- Poster presentation
- Open Access
Acute glycemic and blood lipid response to the ingestion of a candy bar-like protein supplement compared to its candy bar counterpart
© Dugan et al;licensee BioMed Central Ltd. 2010
- Published: 15 September 2010
- Blood Glucose
- Blood Draw
- Protein Supplement
- Sugar Alcohol
To meet the growing demand and market for protein supplements, sports nutrition companies and manufacturers have developed protein supplements in several forms, such as RTDs, bars, and powders. Recently, candy bar-like protein supplements have been developed using sugar alcohols instead of sugar to lessen the glycemic response. However, these candy bar-like substitutes usually have a high concentration of total fat, saturated fat, and cholesterol. It is the purpose of this study therefore to determine the acute glycemic and blood lipid response to ingesting a candy bar-like protein supplement compared to its candy bar counterpart.
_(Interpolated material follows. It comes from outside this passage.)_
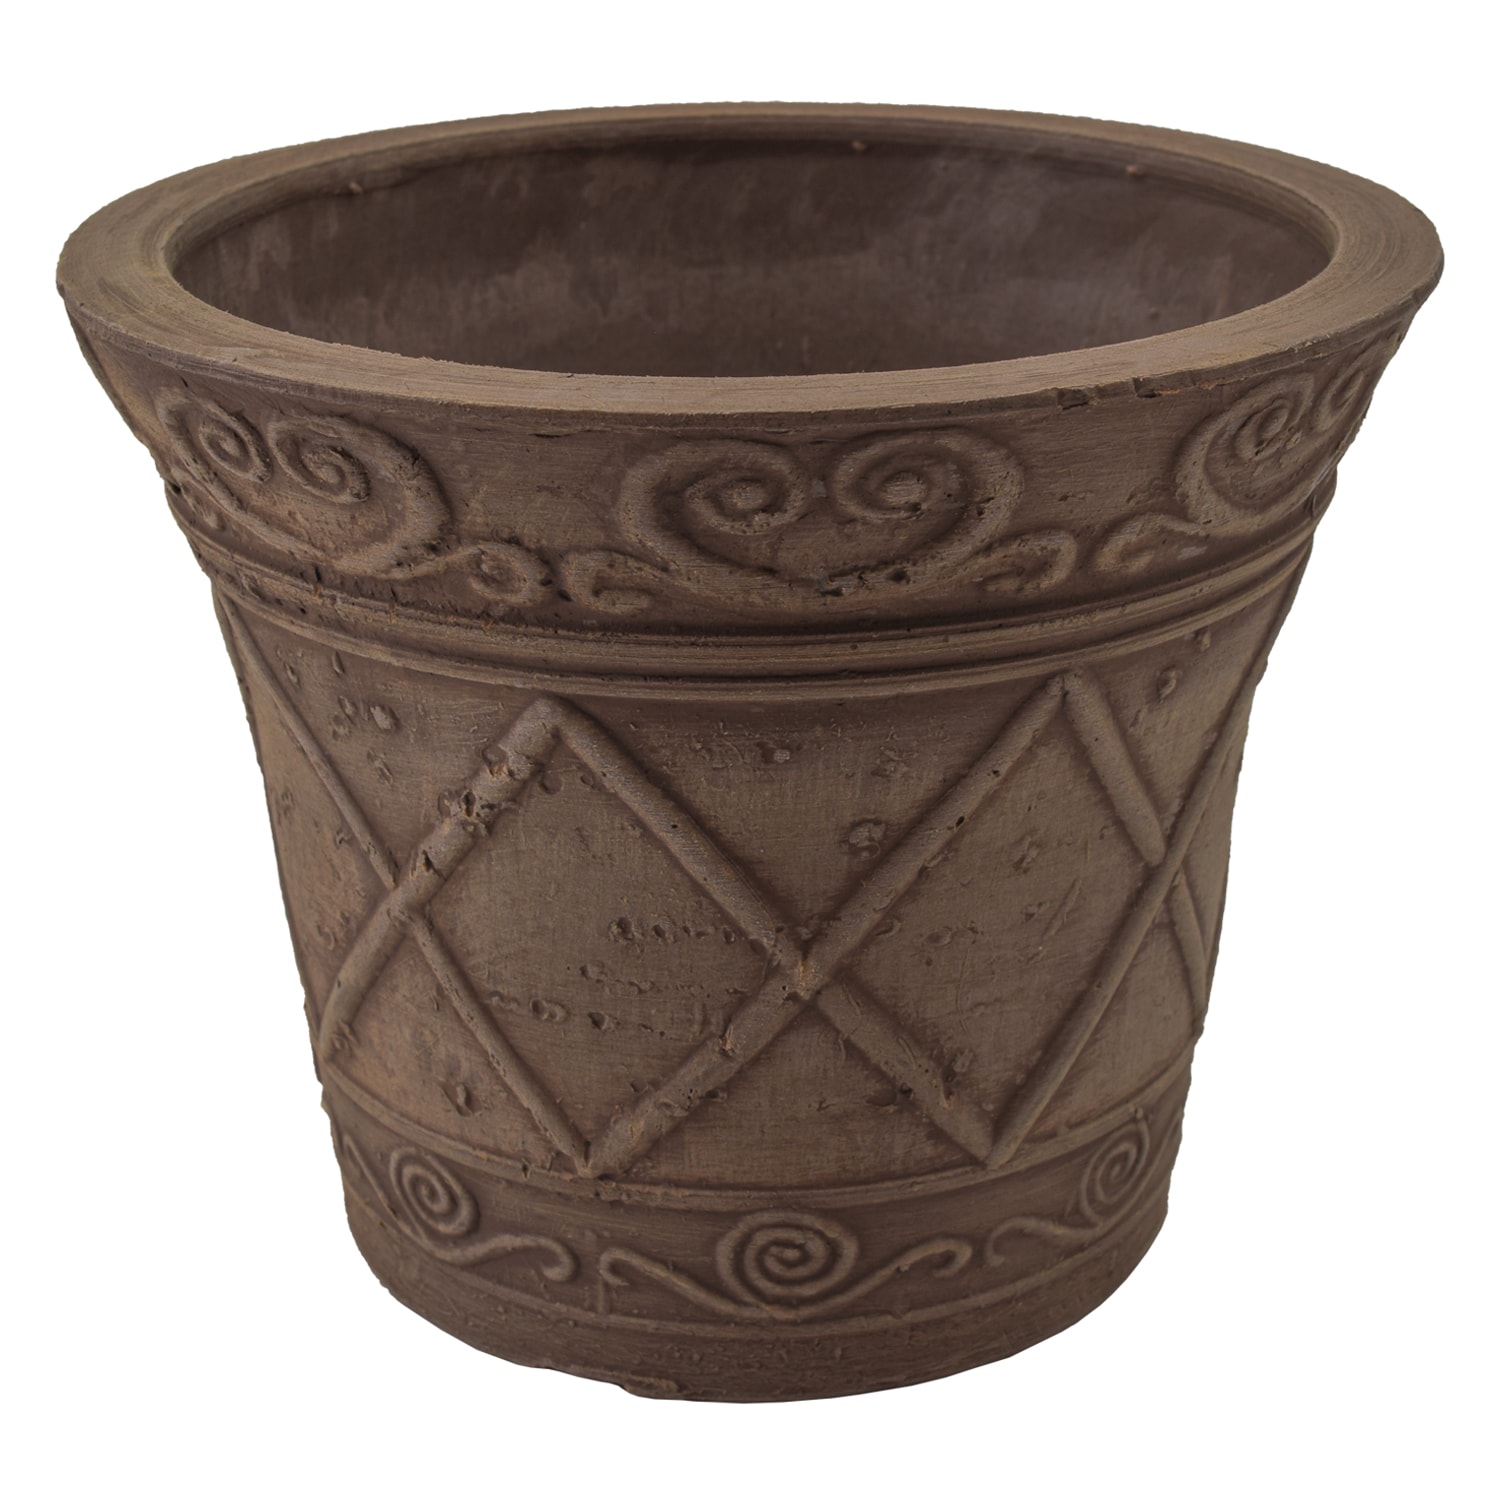 Arcadia Garden Products 5-in W x 4-in H Brown Plastic Planter in the ...

In a crossover design, 5 male and 5 female subjects (N =10, 24 ± 5.5 years, 174 ± 8.3 cm, 80 ± 21.9 kg) consumed either a common candy bar (CBR) or a similar carbohydrate conscious protein bar (PBR). Subjects arrived at the lab on a 12 hour fast at 9:00am and had a baseline blood draw. Subjects then consumed either a candy bar (CBR) or a protein bar (PBR) followed by serial blood draws at 15 minutes (15PST), 30 minutes (30PST), 45 minutes (45PST), and 1 hour (1HR) post consumption. Serum samples were analyzed for blood glucose, insulin, and lipid profiles. All data was analyzed utilizing a 2x5 ANOVA. T-tests were used in the case of a significant interaction. A significance value of 0.05 was adopted throughout.
A significant time effect and a group x time interaction effect were observed among groups for changes in blood glucose (p > 0.05). Post Hoc analyses revealed blood glucose levels were significantly different at 15PST (CBR: 112.5 ± 14.1.6 mg/dl; PBR: 87.5 ± 9.2 mg/dl), indicating a more profound glucose response from the CBR. A significant increase over baseline was observed for triglyceride independent of group and peaking at 1HR (Δ CBR: 15 ± 5 mg/dl; Δ PBR: 23 ± 6 mg/dl). A significant increase over baseline was observed for insulin independent of group and peaking at 15PST (Δ CBR: 42 ± 27 mg/dl; Δ PBR: 25 ± 11 mg/dl). No significant change was observed in total cholesterol.
Blood glucose, triglyceride, and insulin all significantly increased in response to CBR and PBR consumption. However, the blood glucose response to the CBR was significantly greater than that of the PBR with sugar alcohol in place of sugar. These findings suggest that the CBR does have a greater effect on blood glucose, but the PBR still had a strong impact on serum triglycerides and insulin.